▶ [WORK INSTRUCTIONS]: Among the lines of the listing below, retype exactly those from the one containing "Kadın Comfort Deri" through the one containing "Arbusto di Cornus", both included. Do not include pictures.

▶ [LISTED ENTRIES]:
*** Block opens ***
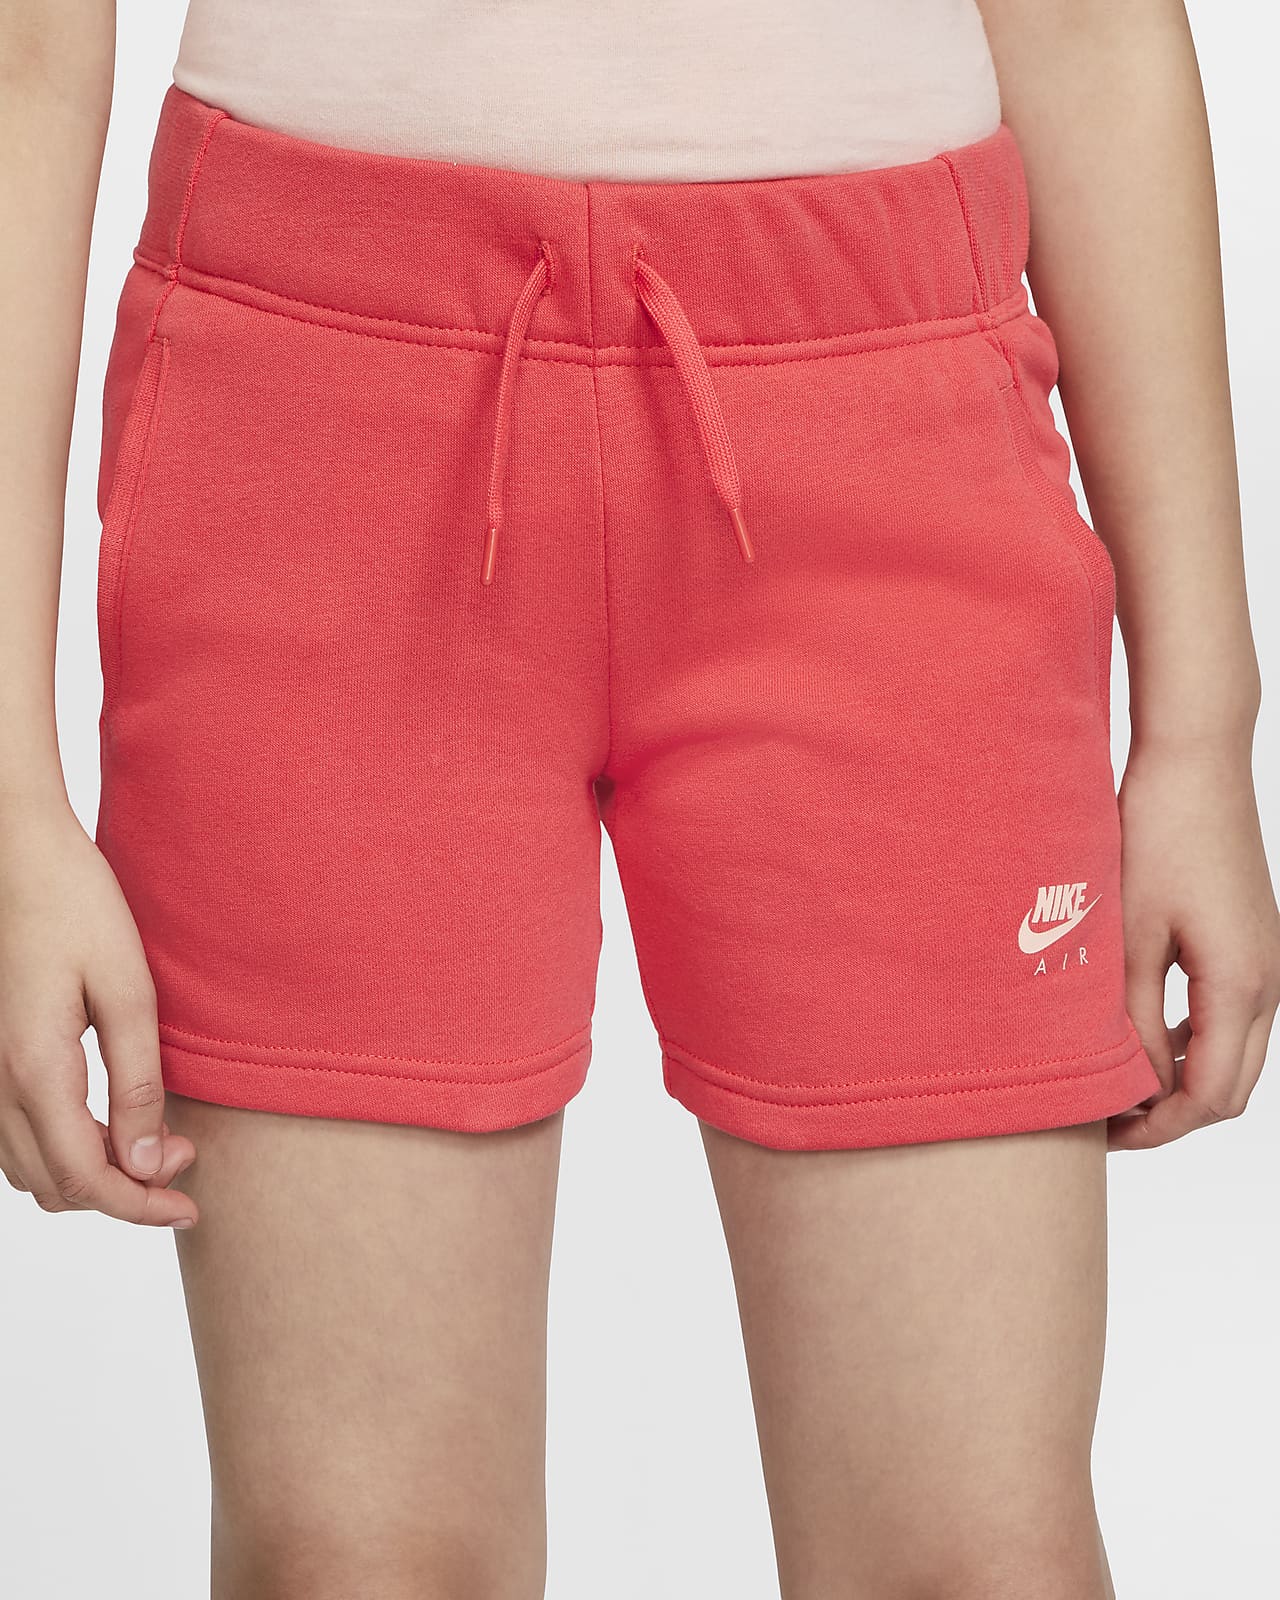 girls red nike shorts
*** Block closes ***
*** Block opens ***
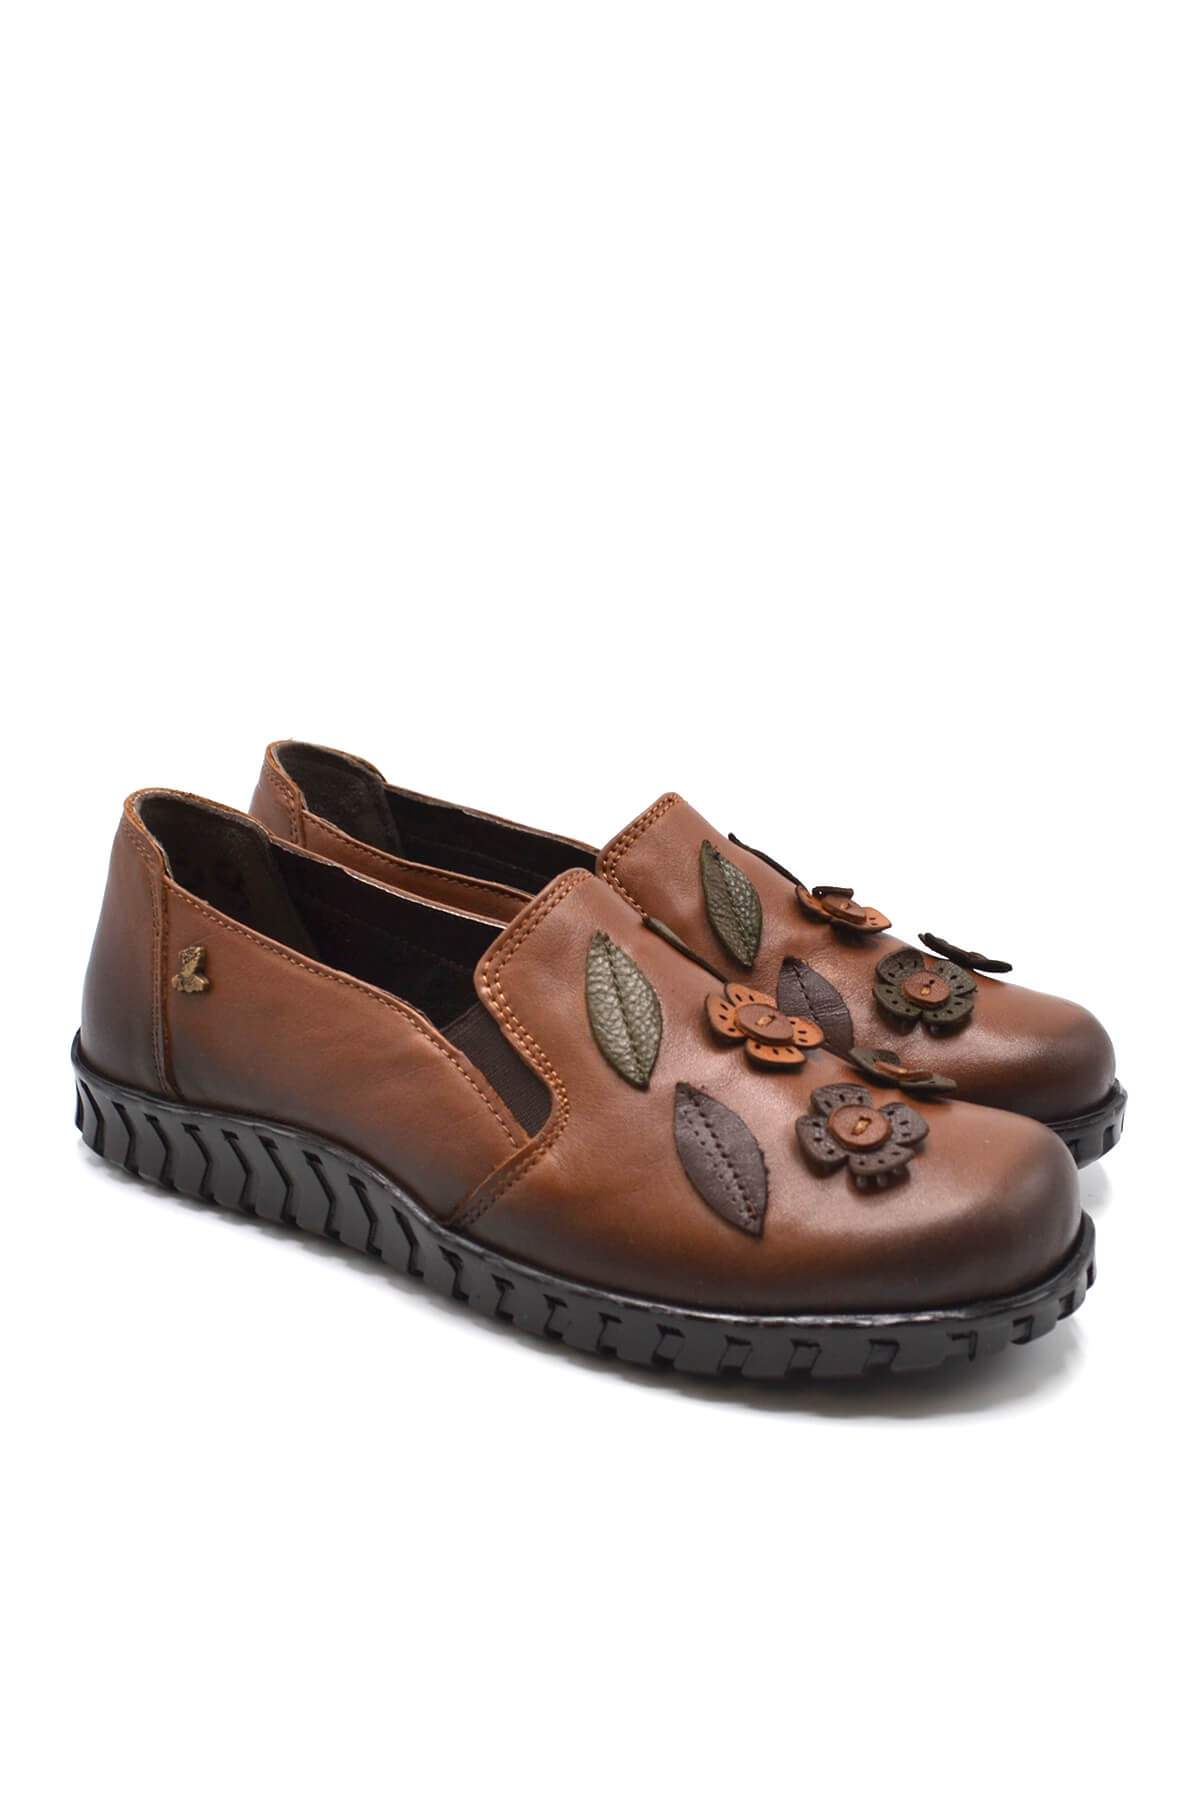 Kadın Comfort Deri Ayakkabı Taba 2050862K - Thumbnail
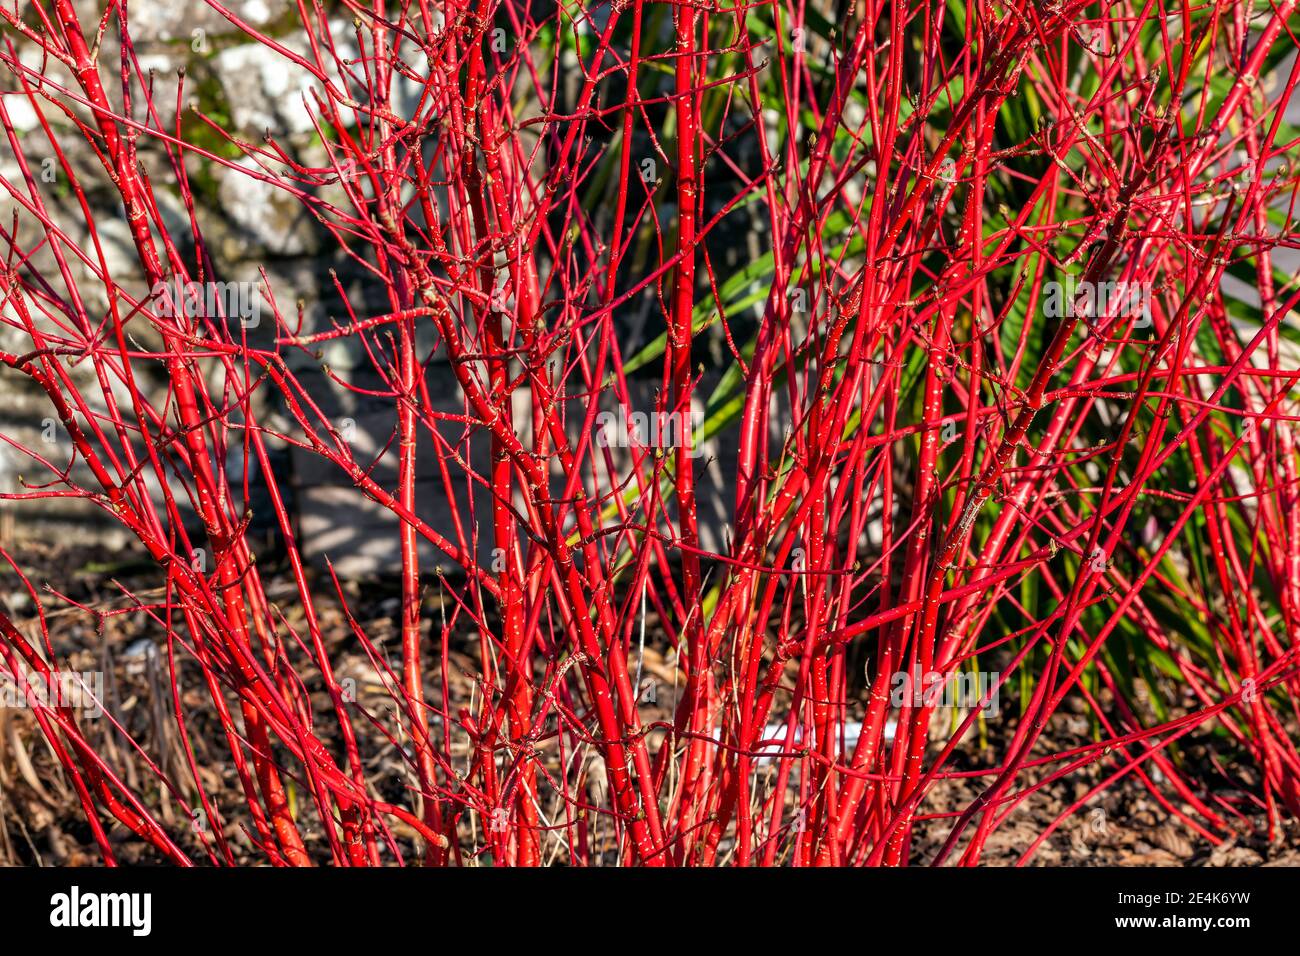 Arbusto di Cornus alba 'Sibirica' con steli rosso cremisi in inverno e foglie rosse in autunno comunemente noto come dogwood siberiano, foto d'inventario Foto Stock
*** Block closes ***
*** Block opens ***
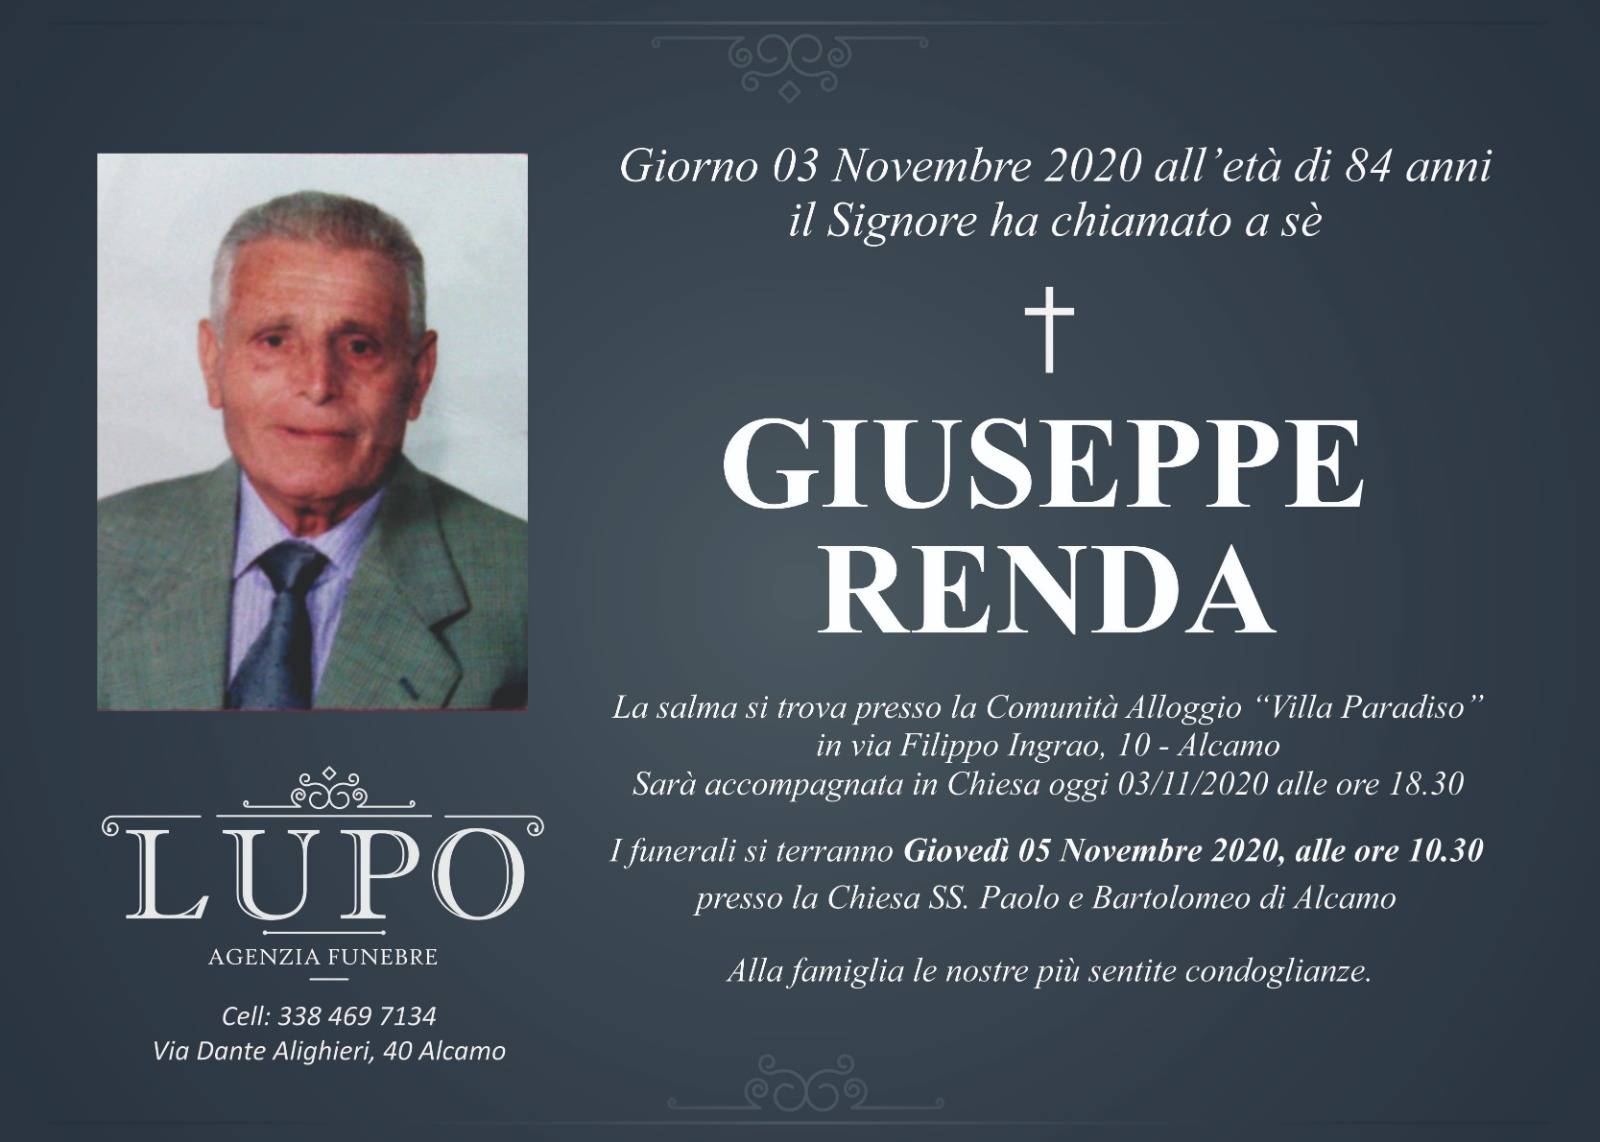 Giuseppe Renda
*** Block closes ***
▶ [OUTPUT FOR THIS EXERCISE]:
 Kadın Comfort Deri Ayakkabı Taba 2050862K - Thumbnail
 Arbusto di Cornus alba 'Sibirica' con steli rosso cremisi in inverno e foglie rosse in autunno comunemente noto come dogwood siberiano, foto d'inventario Foto Stock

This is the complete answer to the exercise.